Today, St. Paul's is classified as a National Historic Landmark. Upjohn had earned a national reputation for his design of New York's Trinity Episcopal Church (1846) which firmly established the Gothic revival in American church architecture.

Built of Medina sandstone, the church follows the Early English parish church Gothic of the thirteenth century, which had come to surpass in esteem the later Perpendicular phase (upon which Upjohn had based Trinity Church). The major ecclesiological advance over Trinity is the chancel, which terminates the nave and is the most important liturgical area of the church. As "ecclesiologistic correctness" demanded, its roof line was lower than that of the nave. To churchmen of the 1850s, this identified it as an up-to-date parish.

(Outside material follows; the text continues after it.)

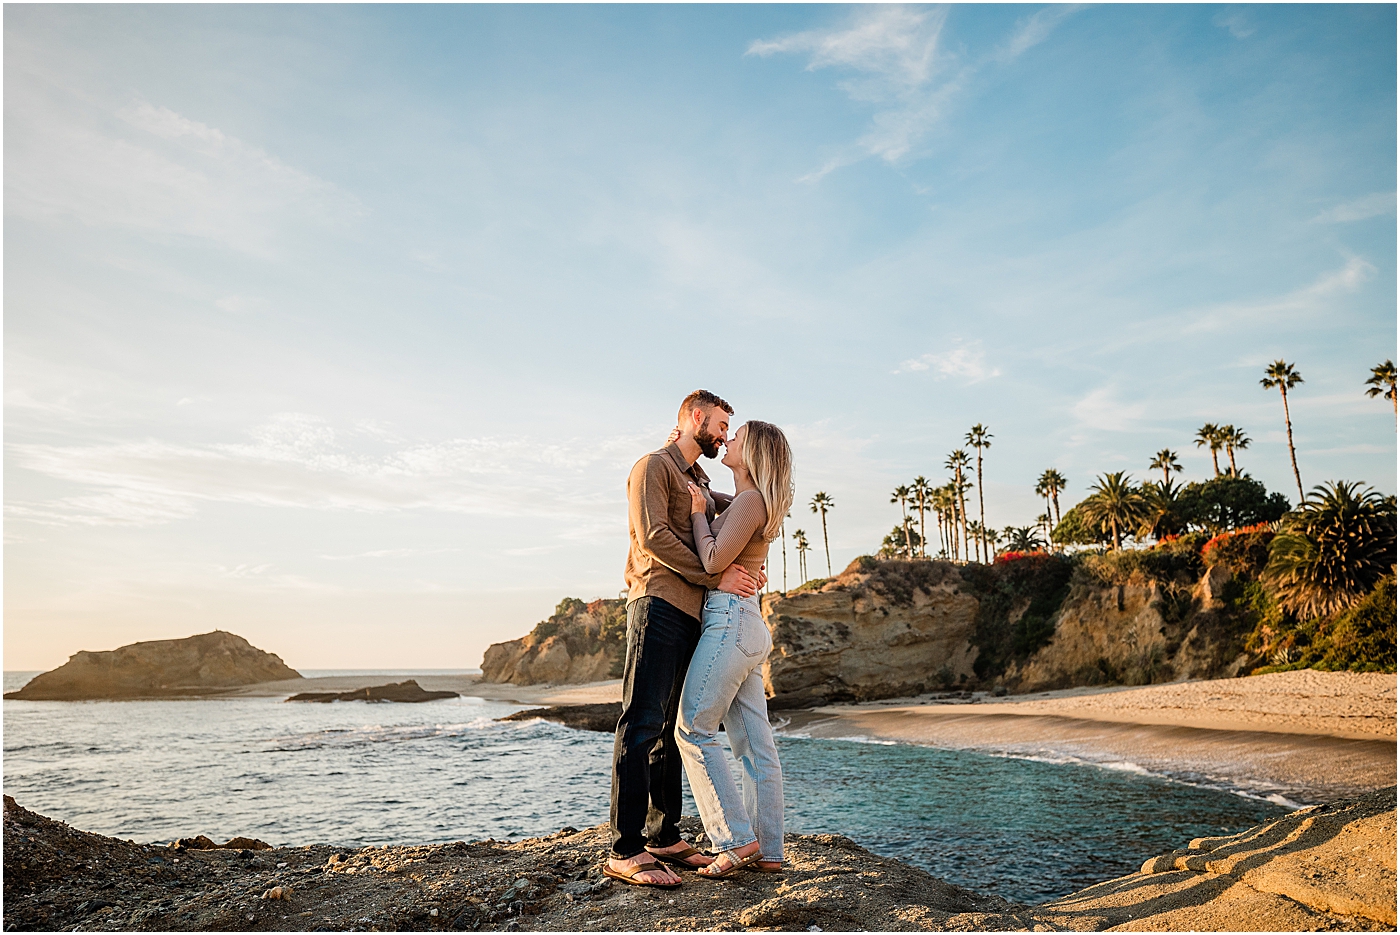 Laguna beach couples photography at Treasure Island Park. Couple standing on rocks in front of the ocean.
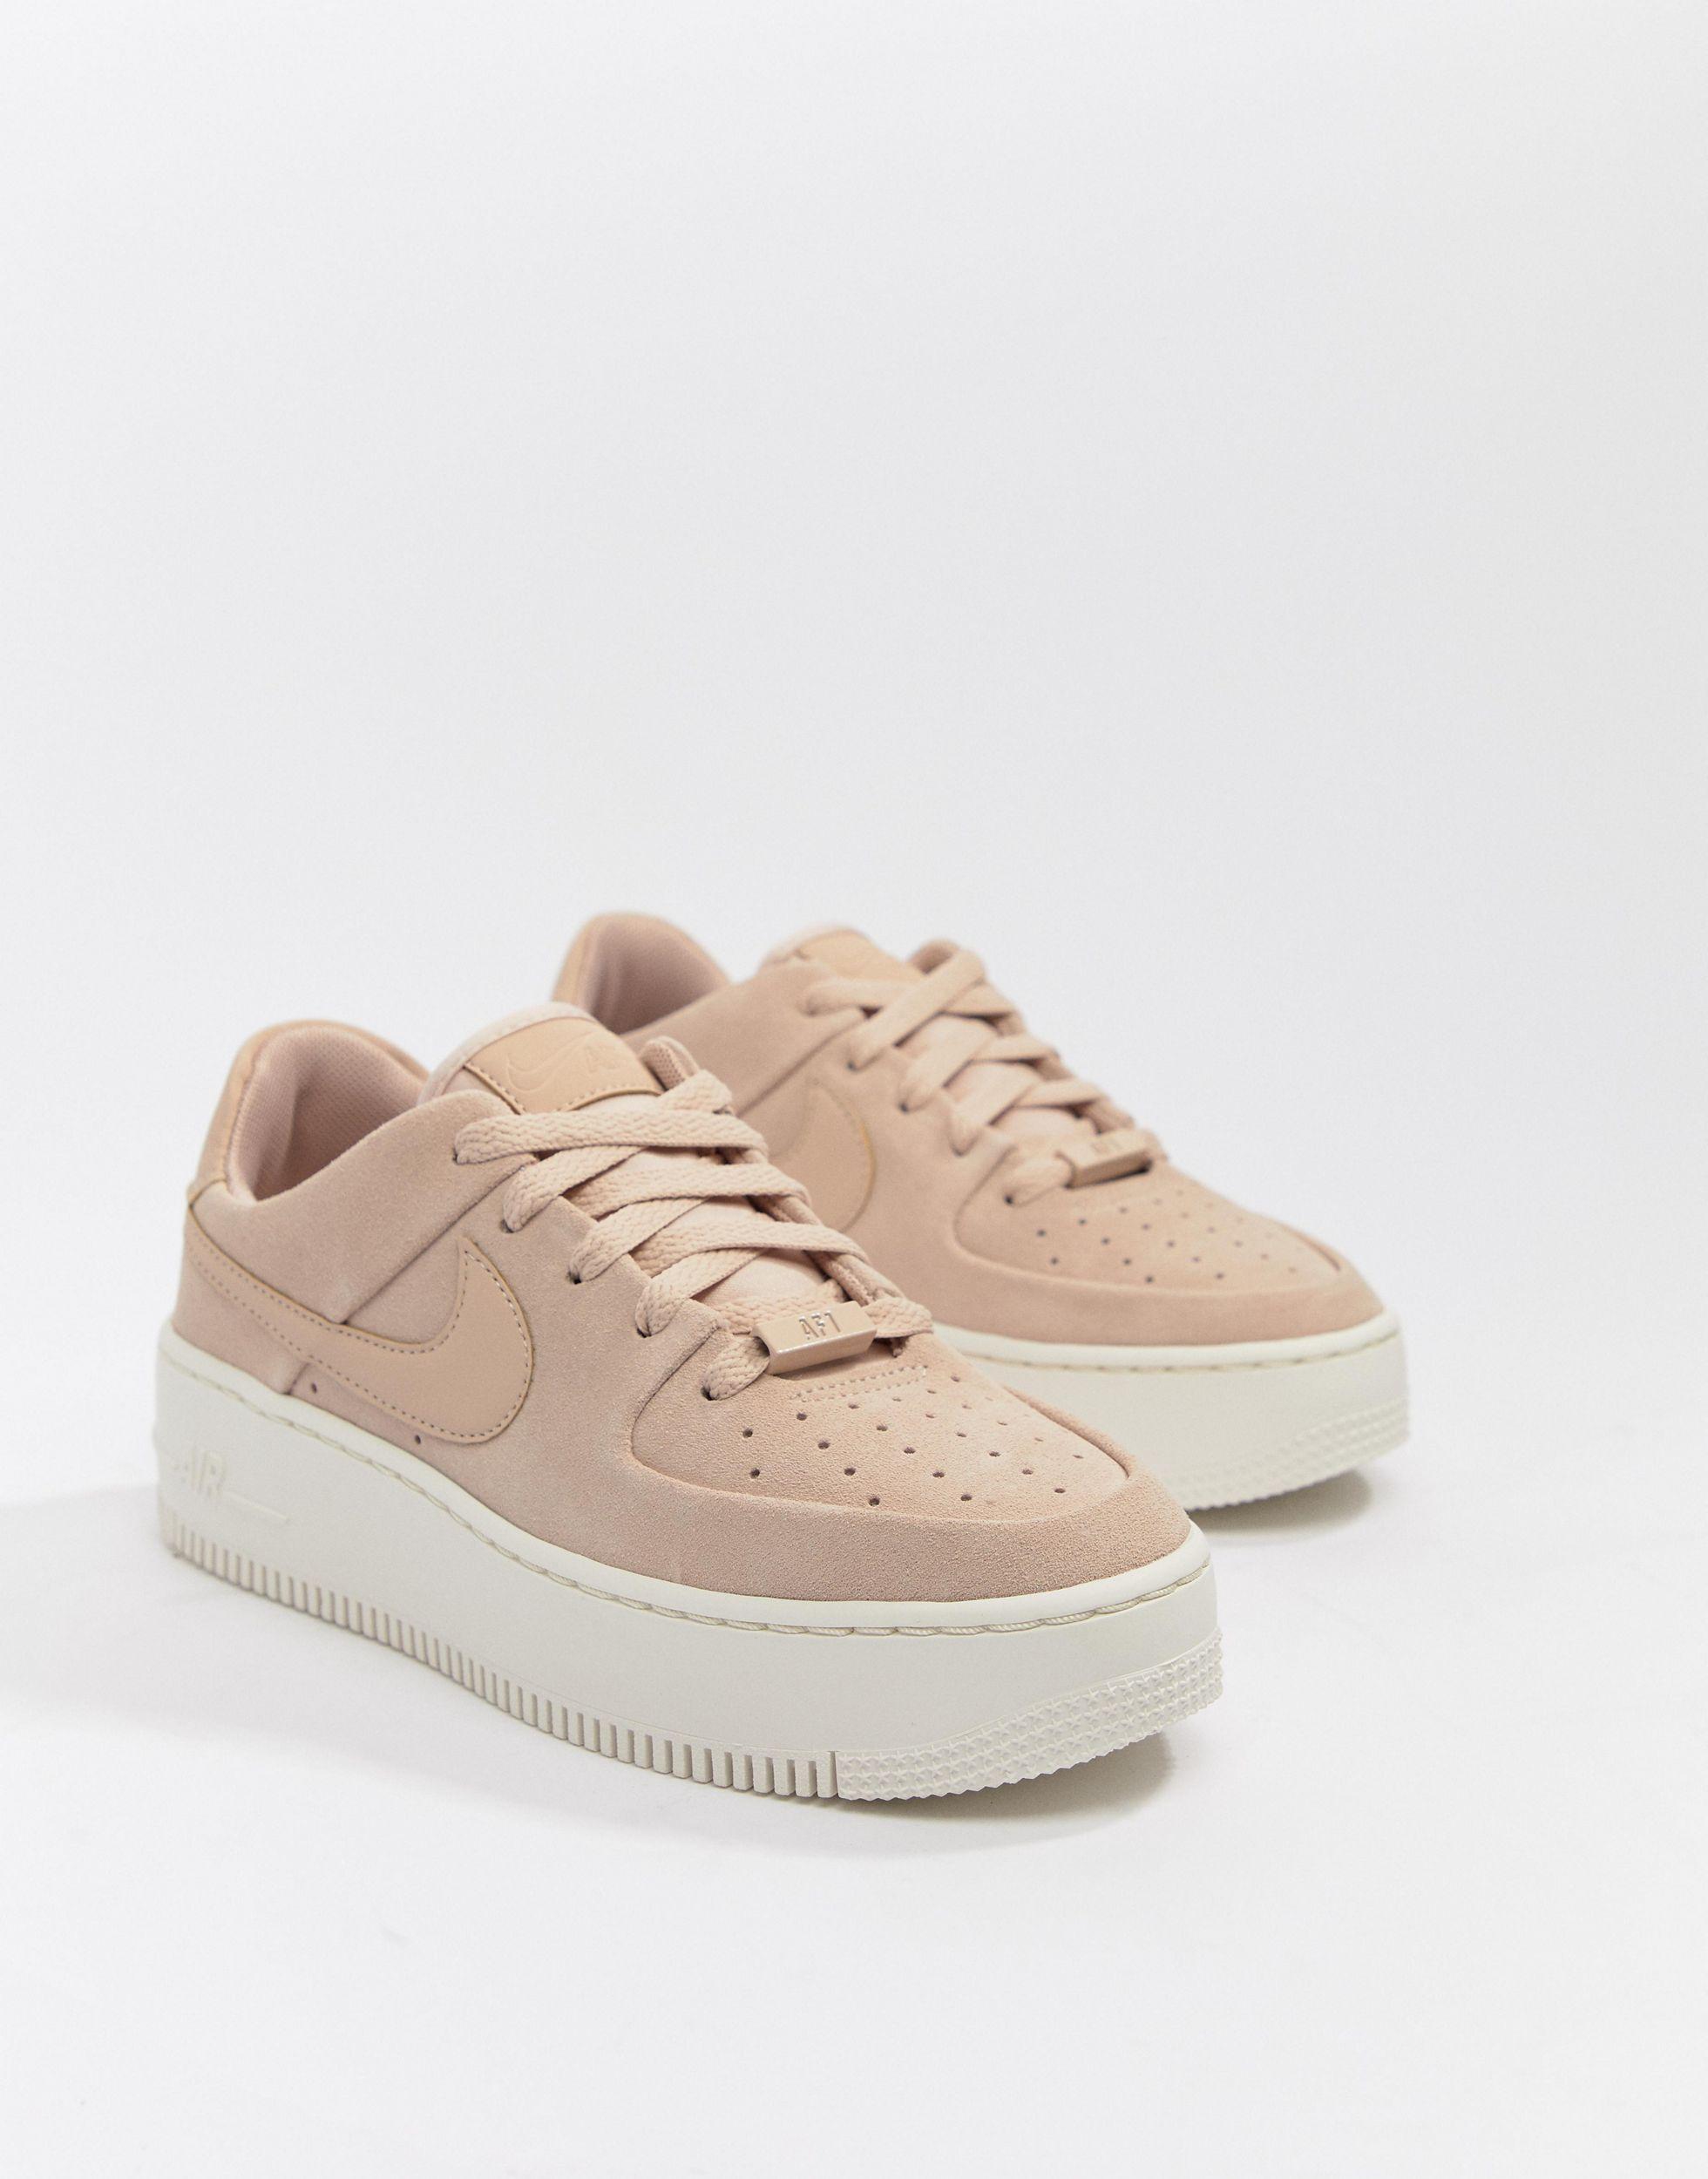 Nike Air Force 1 Pixel Shoe in Natural | Lyst

After a devastating 1888 gas explosion, Robert W. Gibson took charge of repairing the damaged building. Gibson endowed St. Paul's with the composite charm possessed by many medieval buildings combining different period styles. Drawing upon the 14th-century Decorated style of English Gothic, Gibson inserted such details as the leafy capitals of the nave arcade and the curvilinear tracery of the end wall of the chancel ... Thanks to Gibson's sensitivity, St. Paul's, erected in the style of the thirteenth century and rebuilt in the style of the fourteenth century, remains Buffalo's finest church of the nineteenth century. (text by Francis Kowsky)

Frank Lloyd Wright
Darwin Martin House
Darwin Martin House.
Photo courtesy Buffalo Niagara CVB and Angel Art.

The complex of buildings that Frank Lloyd Wright designed for Darwin D. Martin consisted of a main house and four outlying buildings, which were unified by Wright's rigorous and consistent use of cruciform plans, piers and cantilevers, and other Prairie house principles.

The Martin house was distinguished from most of Wright's other prairie style houses by its unusually large size and open plan. It is said that Wright was given a virtually unlimited budget for this commission.

Today, after periods of neglect and vandalism, the Martin house is partially restored, although the conservatory, pergola, and carriage house have been demolished. Presently, the Martin and Barton houses are open as a museum and the entire Martin complex will be restored by 2007 for about $23 million.
St. Francis de Sales Roman Church.
Photo by Chuck LaChuisa.

St. Francis de Sales Roman Catholic Church
This is an Italian Romanesque Revival Church suggestive of churches in Ravenna, Italy. Its campanile, plain exterior wall surfaces, small frontal window, and squarish basilica configuration all suggest Ravenna.

George J. Dietel, chief architect of Buffalo's City Hall, had a hand in its design. The church is made of Indiana limestone and its 140-foot tower is easily visible from the Kensington Expressway.

The interior boasts a colorful barrel-vaulted nave, and the aisle and transept windows beautifully illustrate the history of the church through its saints, while the rose window in the north transept contains an impressive portrait of Christ.